Exactly as written, output each of the lines below, with no images.

# [Information provided]
::::

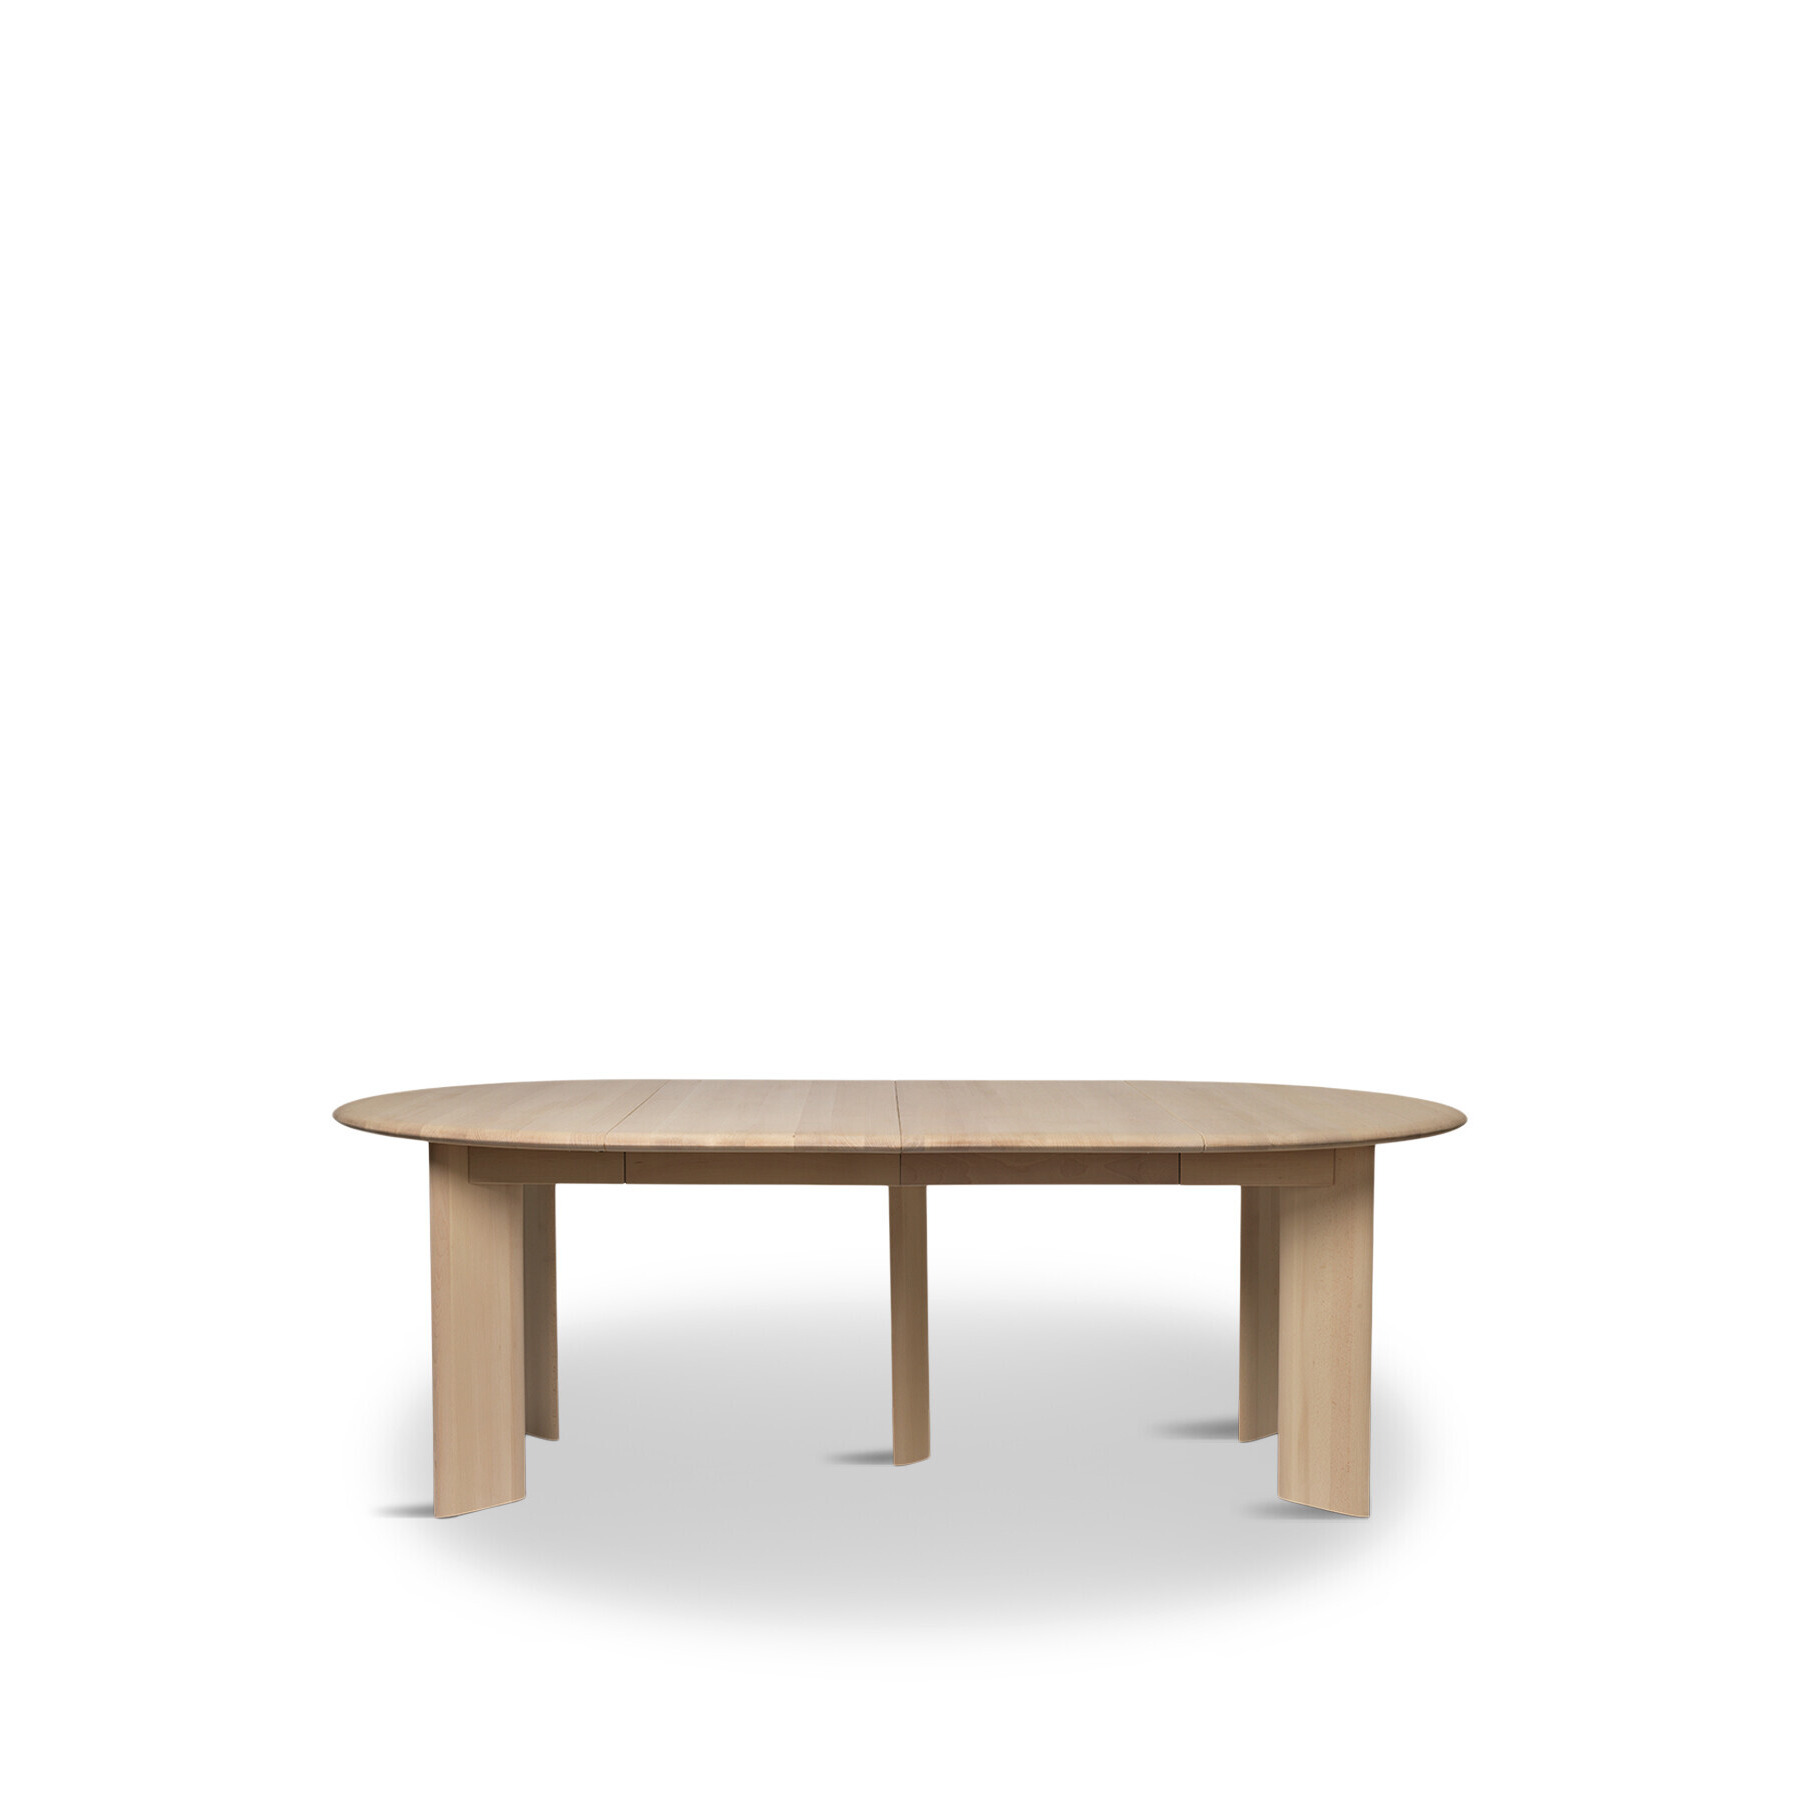 Ferm living Bevel Table Extend x 2 - White Oiled Oak - image 1
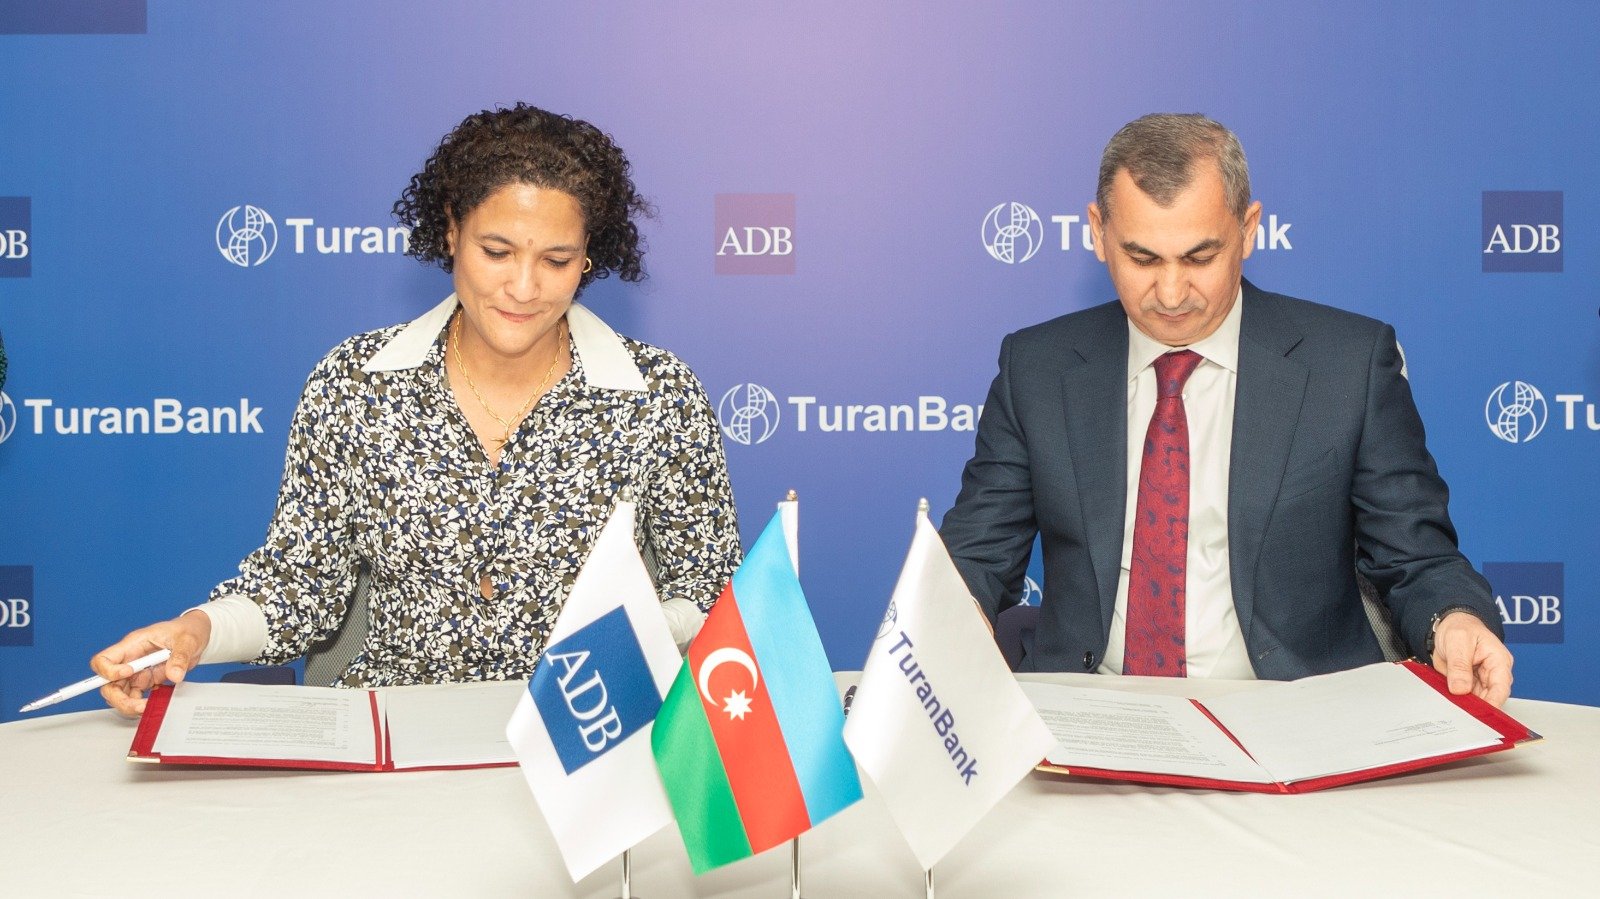 ТуранБанк ОАО и Азиатский Банк Развития заключили соглашение о торговом финансировании (ФОТО)
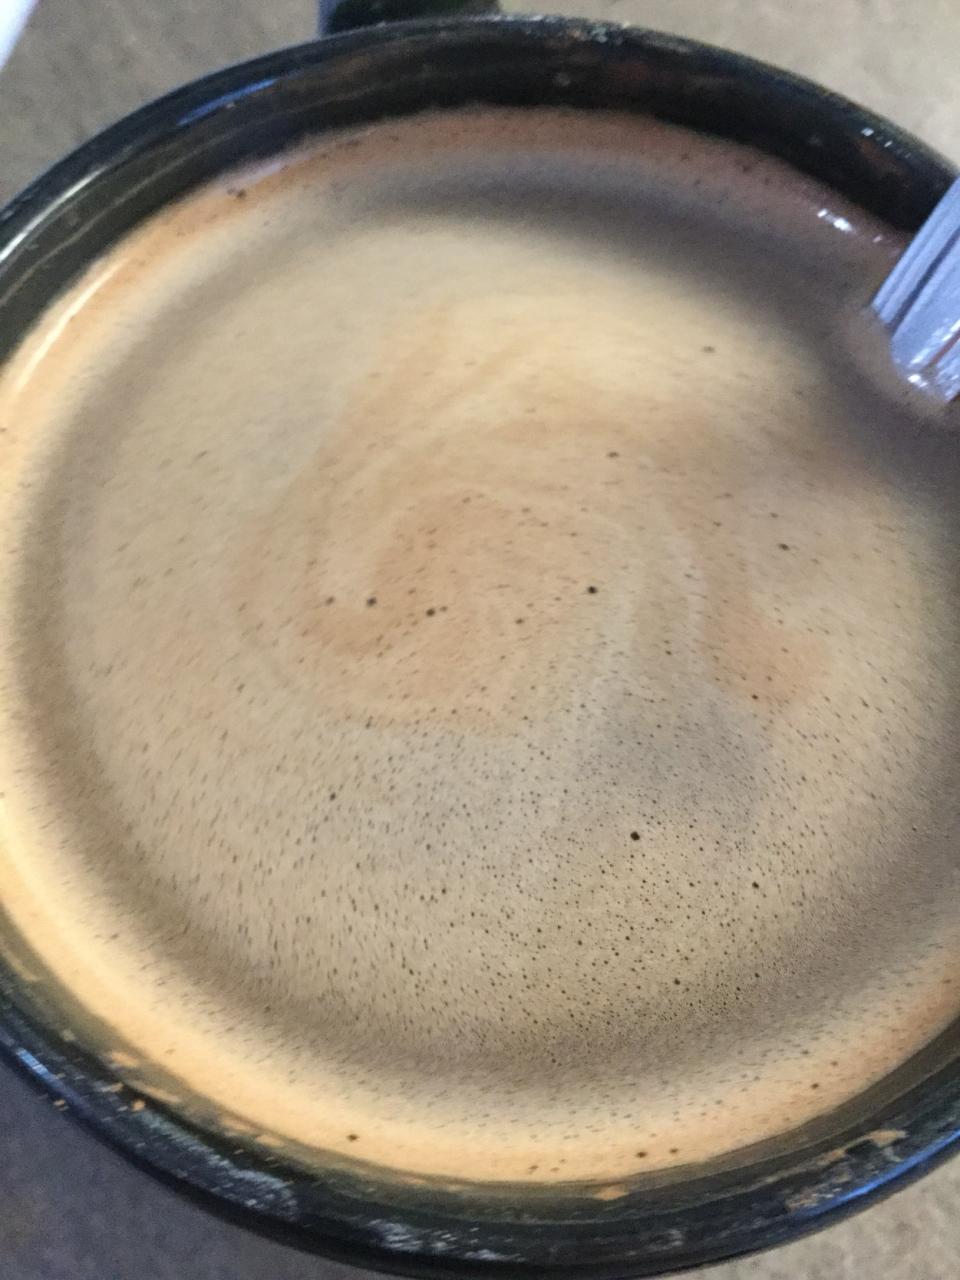 Homemade hot chocolate

::::

# [Response for this exercise]
 Ferm living Bevel Table Extend x 2 - White Oiled Oak - image 1
 ТуранБанк ОАО и Азиатский Банк Развития заключили соглашение о торговом финансировании (ФОТО)
 Homemade hot chocolate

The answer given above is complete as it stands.